Let $Y = \lbrace y_1, ..., y_k \rbrace $ be a set of class labels, $X = \lbrace x^1, ..., x^n \rbrace $ be a set of objects, $C : X \rightarrow Y$ be a function which associates with each object $x^i \in X$ its true classification $y_j^i \in Y$. Let A be a probabilistic classifier, that is, an algorithm which, given an object $x^i \in X$, returns a probability distribution $A(x^i)$ over Y, that is, $A: X \rightarrow \mathcal {P}(Y)$, where $\mathcal {P}(Y)$ is the space of probability distributions over Y. For each $y_j \in Y$, $A(x^i)_j$ represents the probability that algorithm A assigns to the event that $y_j$ is the correct class labeling for object $x^i$ (i.e., the subjective probability that $C(x^i) = y_j$). Typically, in the Machine Learning domain, this soft probabilistic classification is then converted into an hard one by selecting the $y_j \in Y$ with maximum probability: that is, we define $D(x^i) = argmax_{y_j \in Y} A(x^i)_j$ and we denote with $A(x^i)^*$ the corresponding probability. Note that this classification rule completely hides away the uncertainty of the classifier and, consequently, the ambiguity intrinsic in its input. An approach to let the classifier A fully express its uncertainty, which fully reflects the ambiguity of its input datum, is to let the classifier abstain on those instances whose assignment to the classification labels is considered ambiguous.

First, we limit ourselves to a binary classification problem, that is, $Y = \lbrace 0, 1 \rbrace $. Let $\epsilon $ be the cost associated with an erroneous classification, and let $\tau $ the cost associated with an abstention. Let $x \in X$ be an object, it is evident and widely known [8, 16, 31] that, in this context, algorithm A should choose to abstain on x if:

$$\tau < \epsilon *min_{j \in \lbrace 0, 1 \rbrace }A(x^i)_j$$

that is, if choosing to abstain would incur (in the expected value) a lower cost than adopting a clear-cut classification (selected using the standard decision rule). The same decision rule could be given using a probability threshold; it is easy to show that the two formulations are equivalent.

Theorem 1

Algorithm A should select to abstain iff $max_{j \in \lbrace 0, 1 \rbrace }A(x^i)_j < 1 - \frac{\tau }{\epsilon }$

Proof

Let $A(x)^* = max_{j \in \lbrace 0, 1 \rbrace }A(x^i)_j$, the rule expressed above is equivalent to $\tau< \epsilon *(1 - A(x)^*) \Rightarrow \frac{\tau }{\epsilon }< 1 - A(x)^* \Rightarrow A(x)^* < 1 - \frac{\tau }{\epsilon }$.

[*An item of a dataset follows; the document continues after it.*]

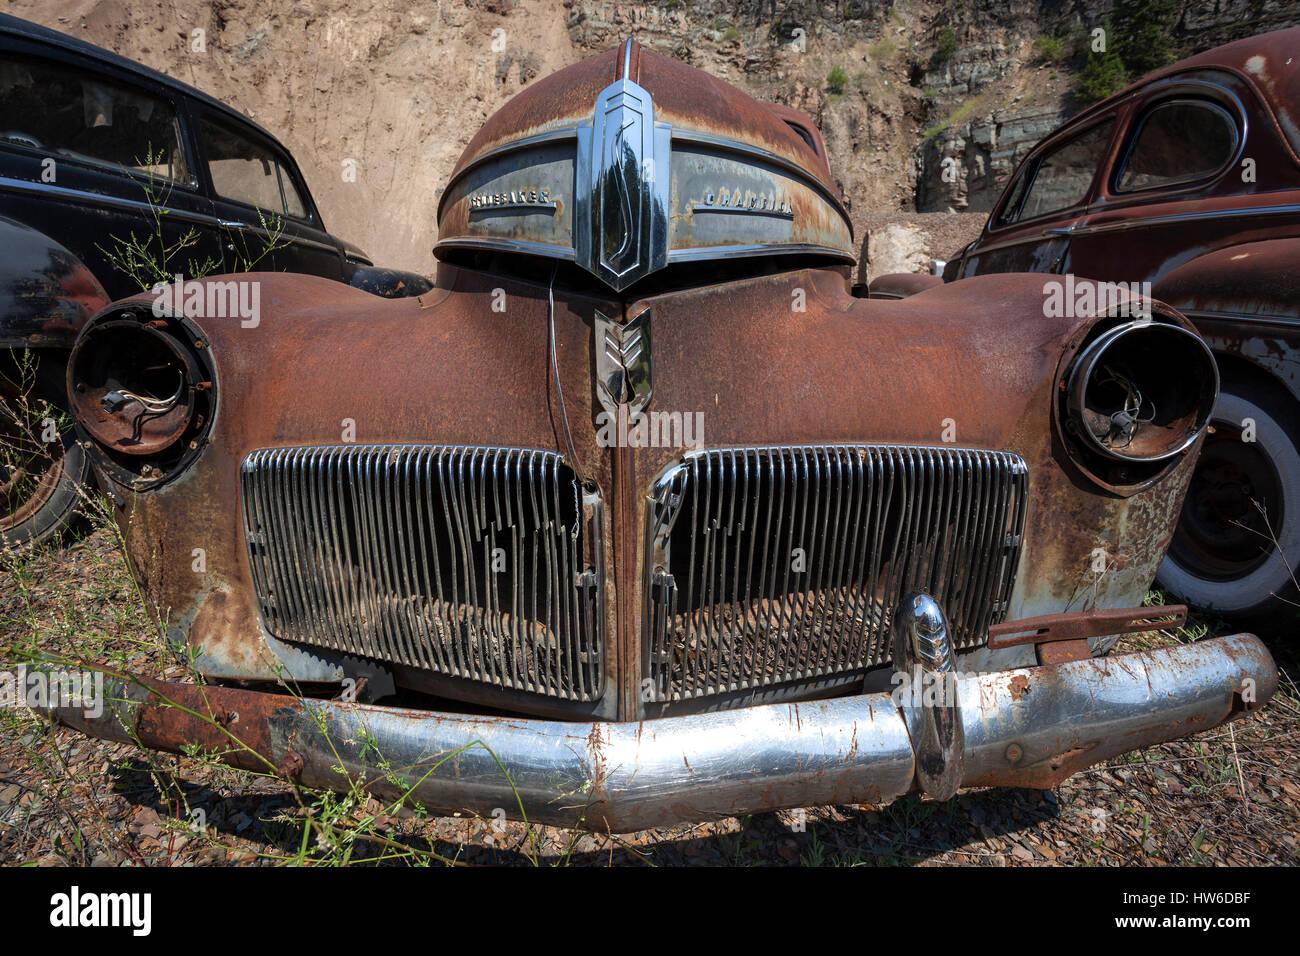 Scrap Vintage Cars Stock Photos & Scrap Vintage Cars Stock Images ...
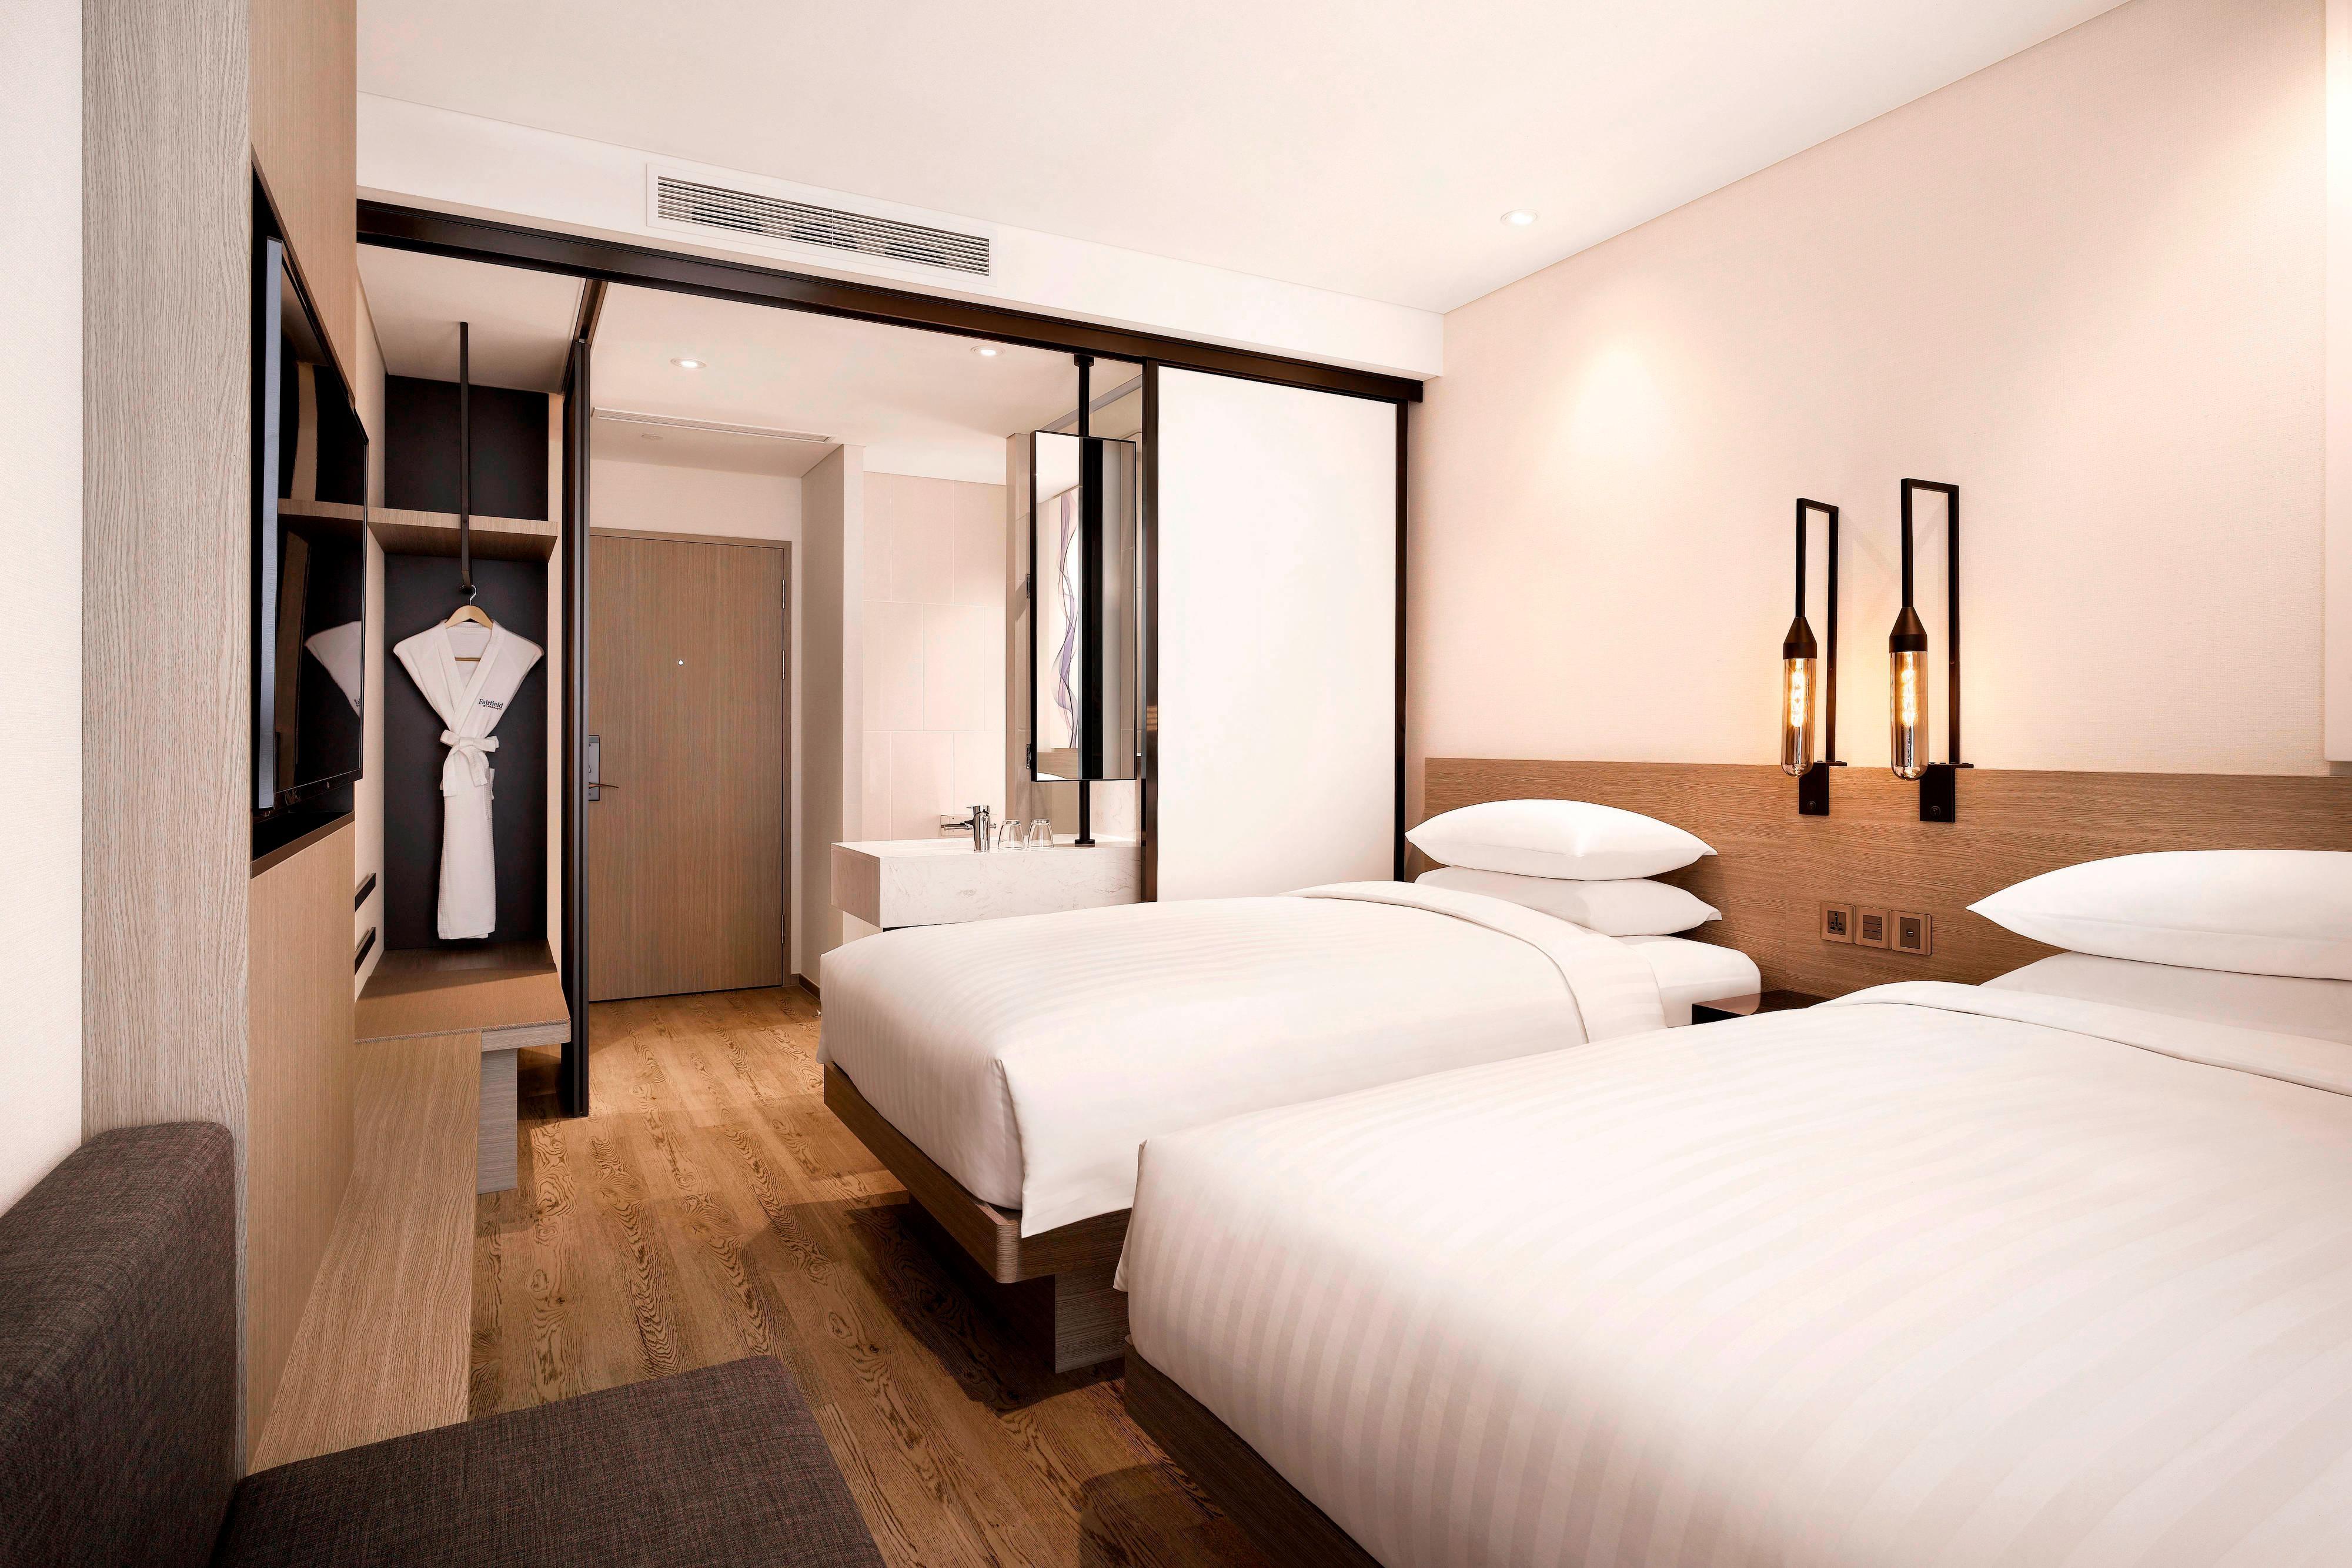 Twin/Twin Guest Room - Bedroom

The generalization to the multi–class setting, in which partial decisions could also be expressed, is also feasible and clearly more interesting. Indeed, in [6], a generalization of this classification rule is proposed as follows. Let $Z \subseteq Y$, then in this context we allow the algorithm A to express a decision Z, by which we mean that the algorithm is confident that the true label of x is in Z but it is unsure about its precise identity. Let $A(x)_{Z} = \sum _{y_j \in Z}A(x)_j$. If, as in the binary classification setting, we adopt a constant abstention cost $\tau $, then the algorithm, with the abstention decision rule, should abstain on instance x if:

$$\begin{aligned} \tau *A(x)_{Z^*} + \epsilon *A(x)_{Y\setminus Z^*} < \epsilon * (1 - A(x)^*) \end{aligned}$$

(3)

where $Z^* \subseteq Y$ is the set of labels which minimizes the left hand of the inequality, otherwise it should output the $y_j$ corresponding to $A(x)*$.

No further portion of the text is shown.